A number of plants are gathered and preserved to be stored and consumed all year round. Many plants which are used as a scent are dried and stored in plastic bags, plastic bottles or glass vessels and therefore used all year round. Nine plants (10%) are used to condiment stews, soups, pies or other dishes and traditional recipes. The most popular aromatic plants are Origanum dubium, Mentha spicata, Rosmarinus officinalis, Laurus nobilis, Thymus capitatus, Origanum majorana var. tenuifolium, Foeniculum vulgare. These plants add a distinct flavour and aroma to pies as well as to meat stews. Rosmarinus officinalis is used in a traditional fish recipe called savoro.

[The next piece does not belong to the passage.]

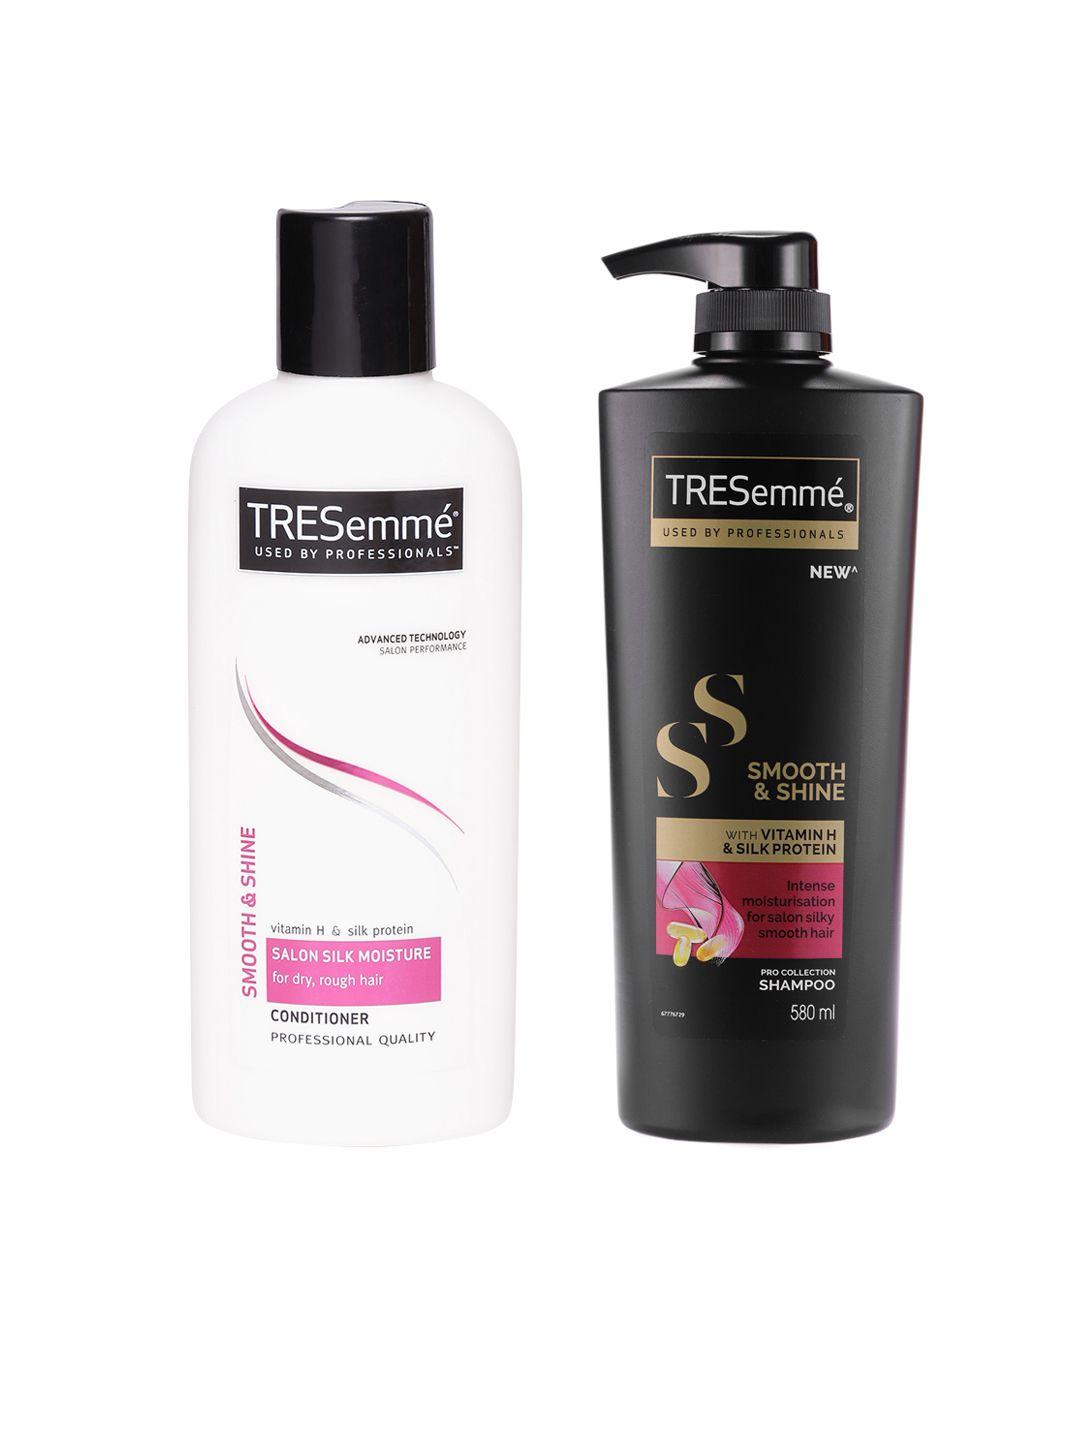 tresemme set of smooth & shine shampoo 580ml & conditioner 190ml

Some other plants such as Capparis spinosa, Crithmum maritimum, Eryngium creticum, Eryngium glomeratum and Muscari comosum, are preserved in vinegar and eaten like appetizer with several kind of food. Fruits of several wild trees are used for the preparation of jams and marmalades such as Pyrus syriaca, Crataegus azarolus and Crataegus monogyna.
Many tools used in processing were recorded. The five tools more often recorded are: "Madratzi", a traditional wooden long tool for opening pies, "Chti and Chtocheri", a traditional copper pot used for pounding, "Chartzi", a traditional copper pot used for boiling, "Satzi", a metal hot plate used for cooking pies, "Koumna", a traditional jar used for storage and "Gastra", an earthen vessel used for storage.